* [Recorded data]:
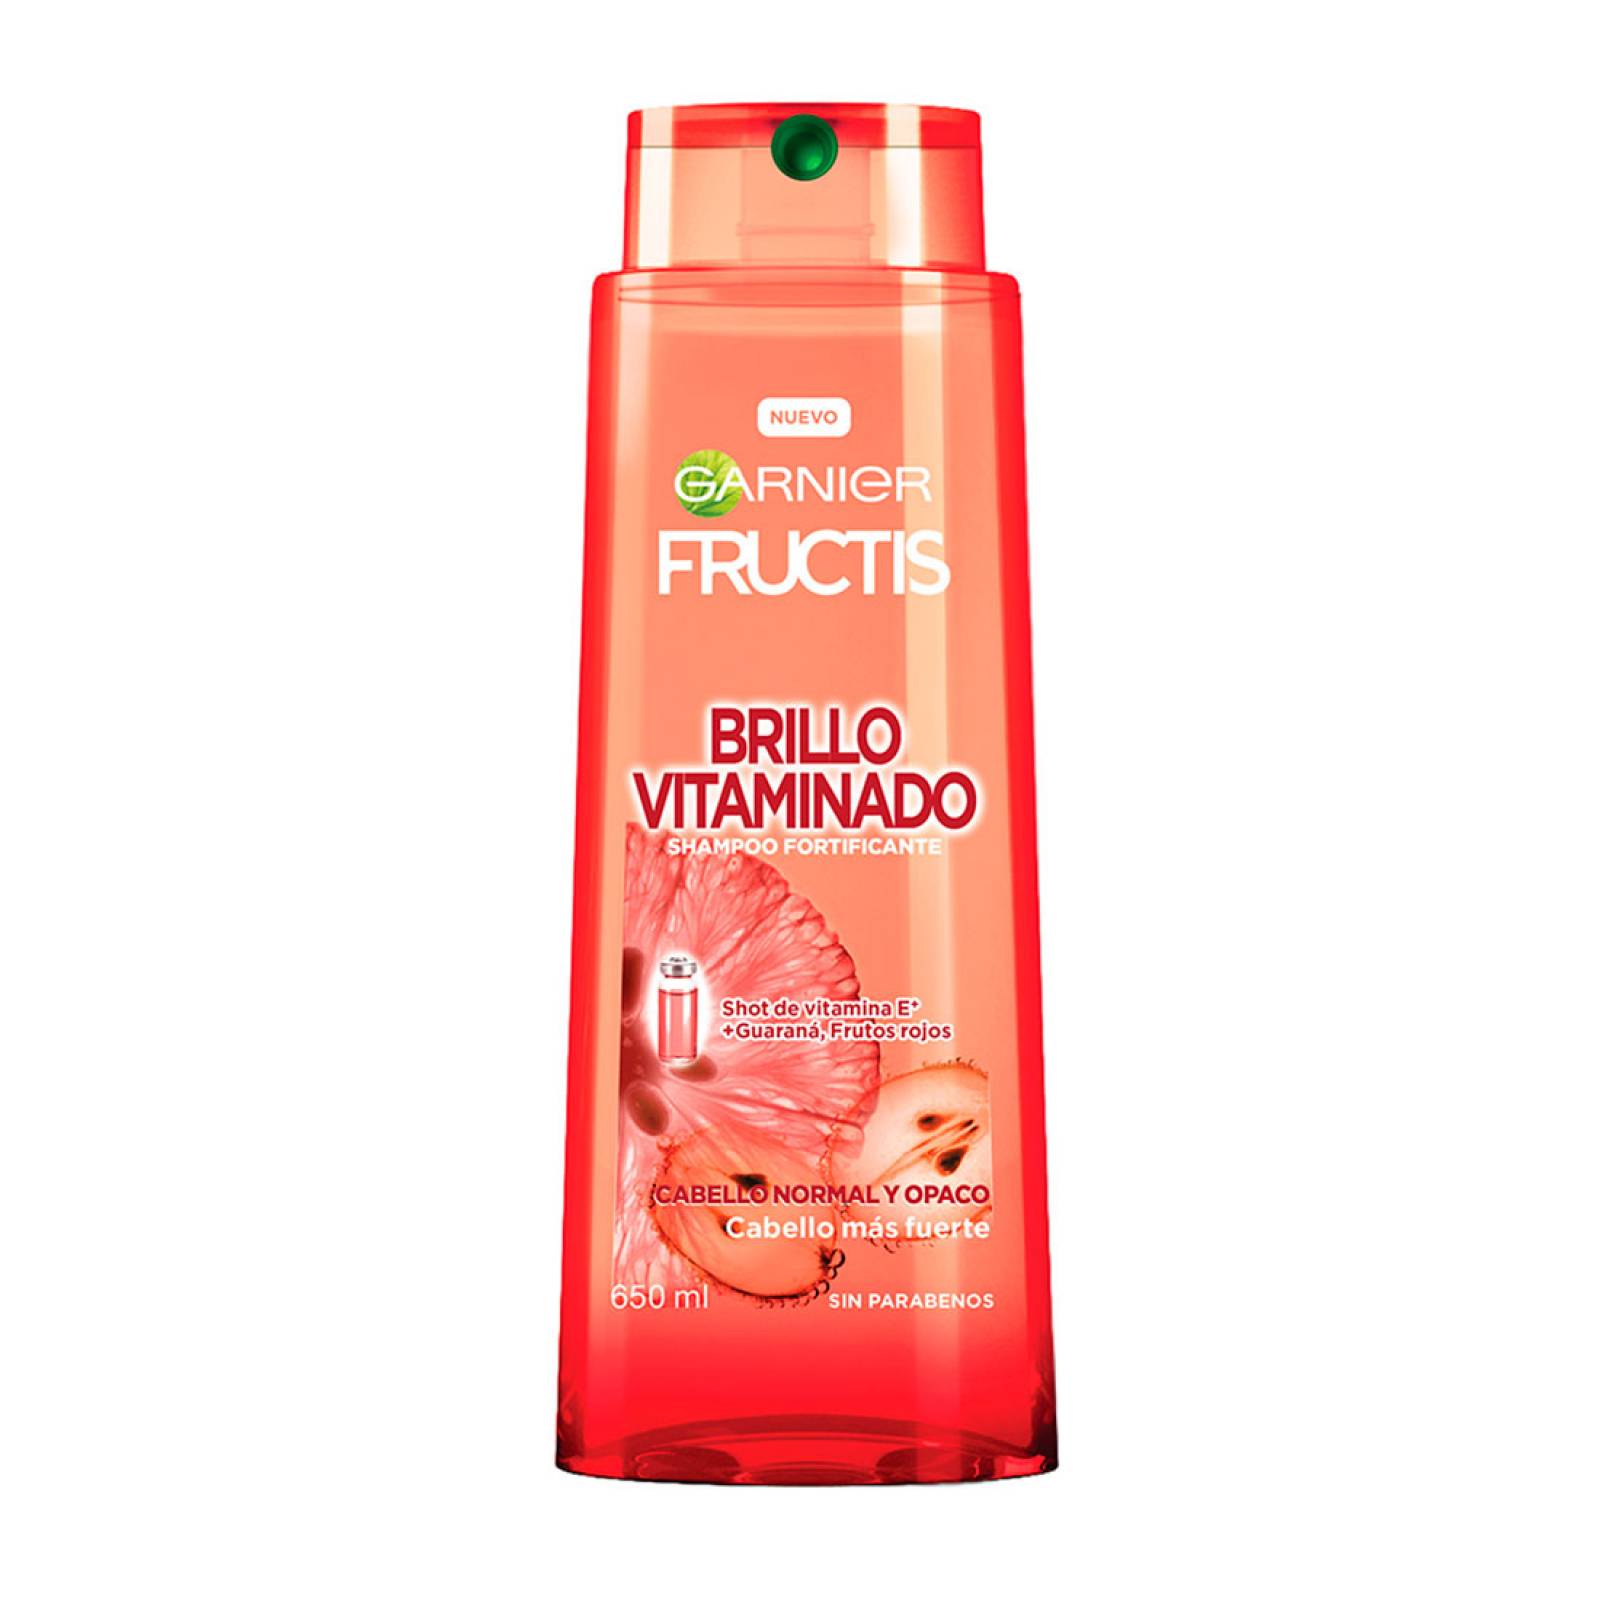 Fortalece Tu Cabello Con Shampoo 650 ml Fructis Garnier
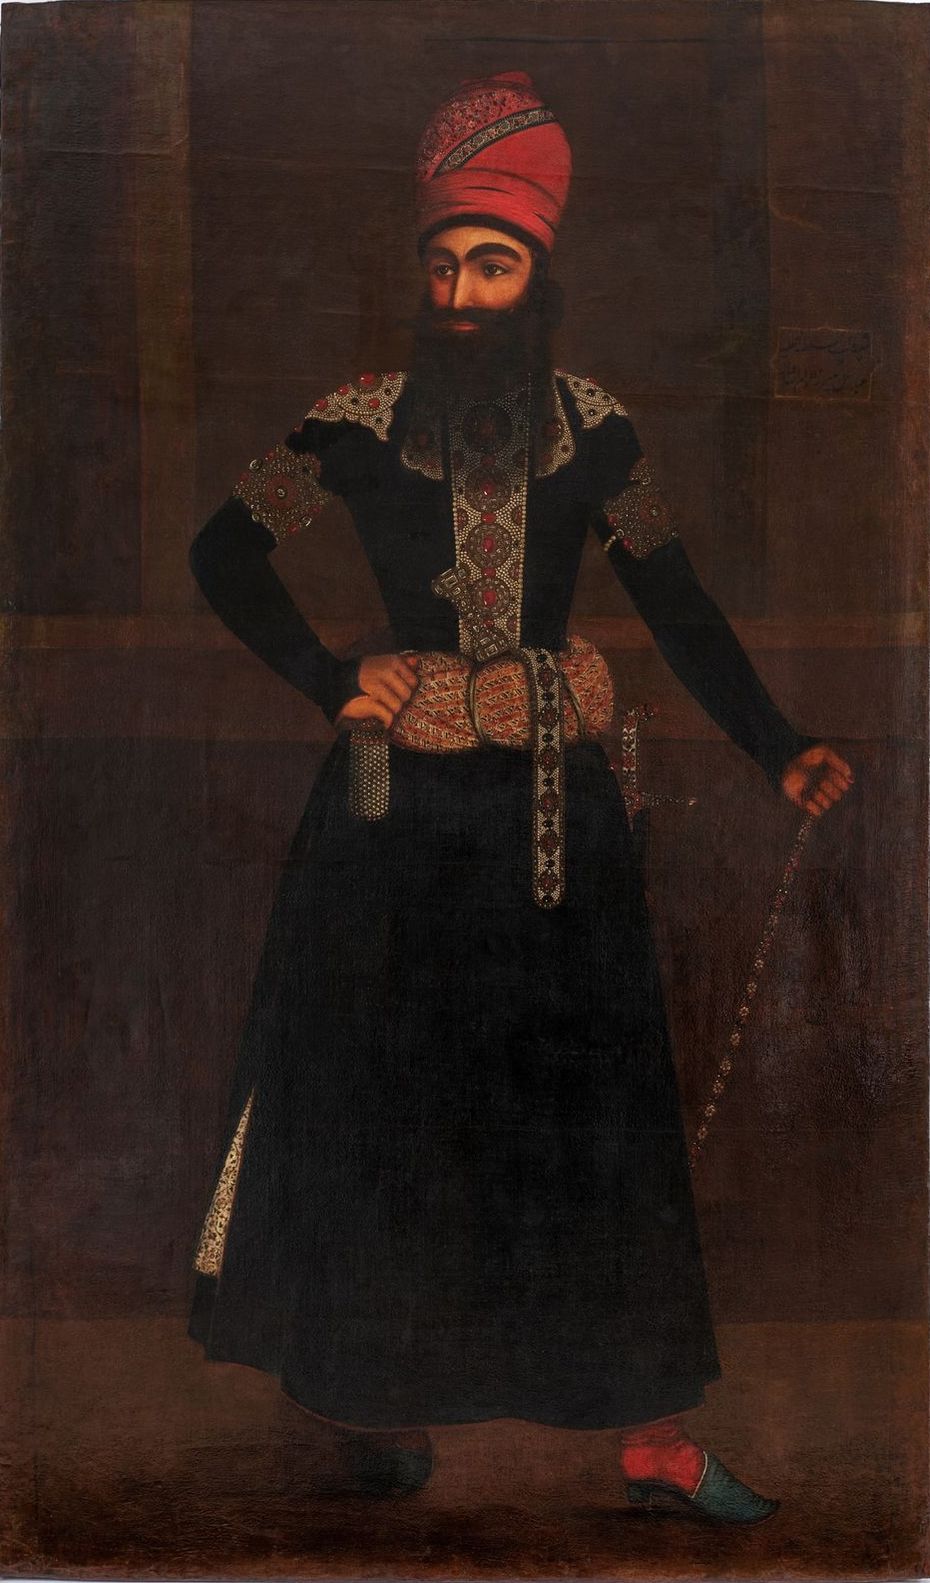 Ил. 4. Алла-Вирди Афшар. Портрет Аббас Мирзы. 1-я пол. XIX в. © Государственный музей Востока
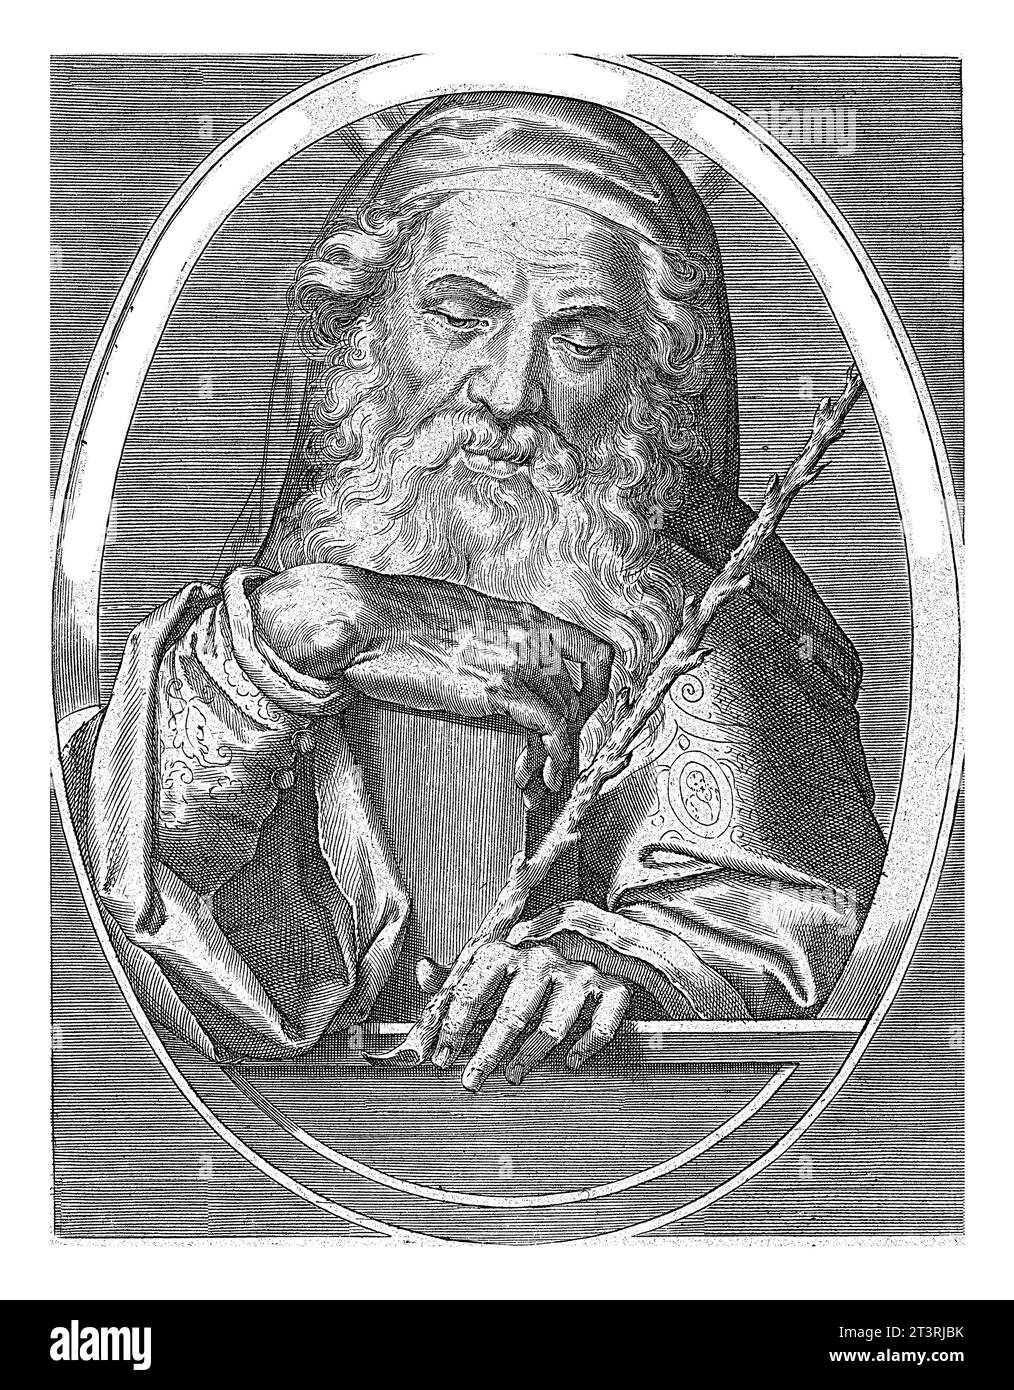 Mozes, Cornelis Galle (I), nach Jan van der Straet, 1613 Moses als alter Mann mit den Steintafeln und einem Stab, in Oval mit lateinischer Inschrift. Strahlen o Stockfoto
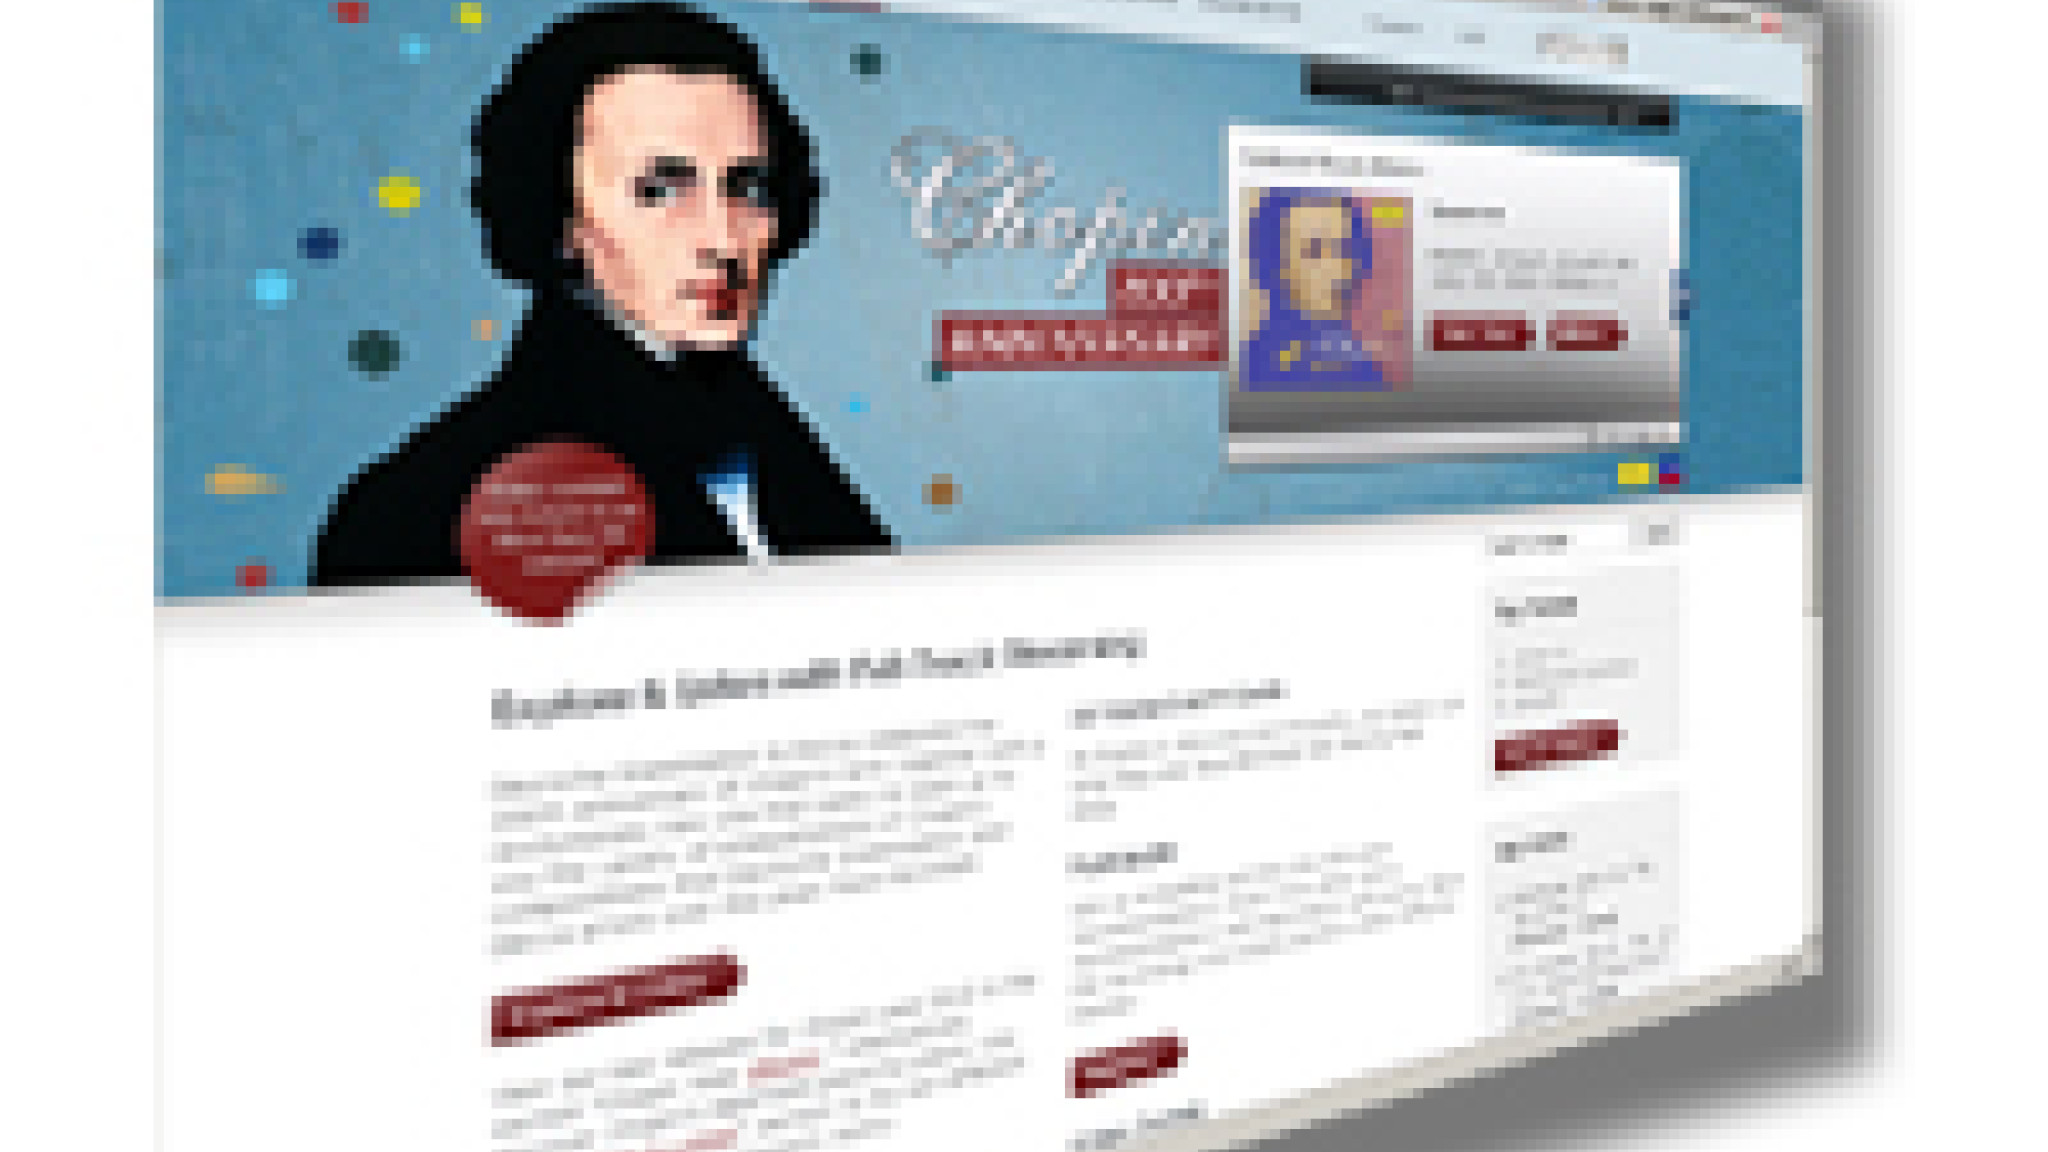 www.200chopin.com - Neue Website zu Frédéric Chopin

* [What you will do]: Return the listing above word for word. Keep the images out.

* [Output for this exercise]:
 Fortalece Tu Cabello Con Shampoo 650 ml Fructis Garnier
 Ил. 4. Алла-Вирди Афшар. Портрет Аббас Мирзы. 1-я пол. XIX в. © Государственный музей Востока
 Mozes, Cornelis Galle (I), nach Jan van der Straet, 1613 Moses als alter Mann mit den Steintafeln und einem Stab, in Oval mit lateinischer Inschrift. Strahlen o Stockfoto
 www.200chopin.com - Neue Website zu Frédéric Chopin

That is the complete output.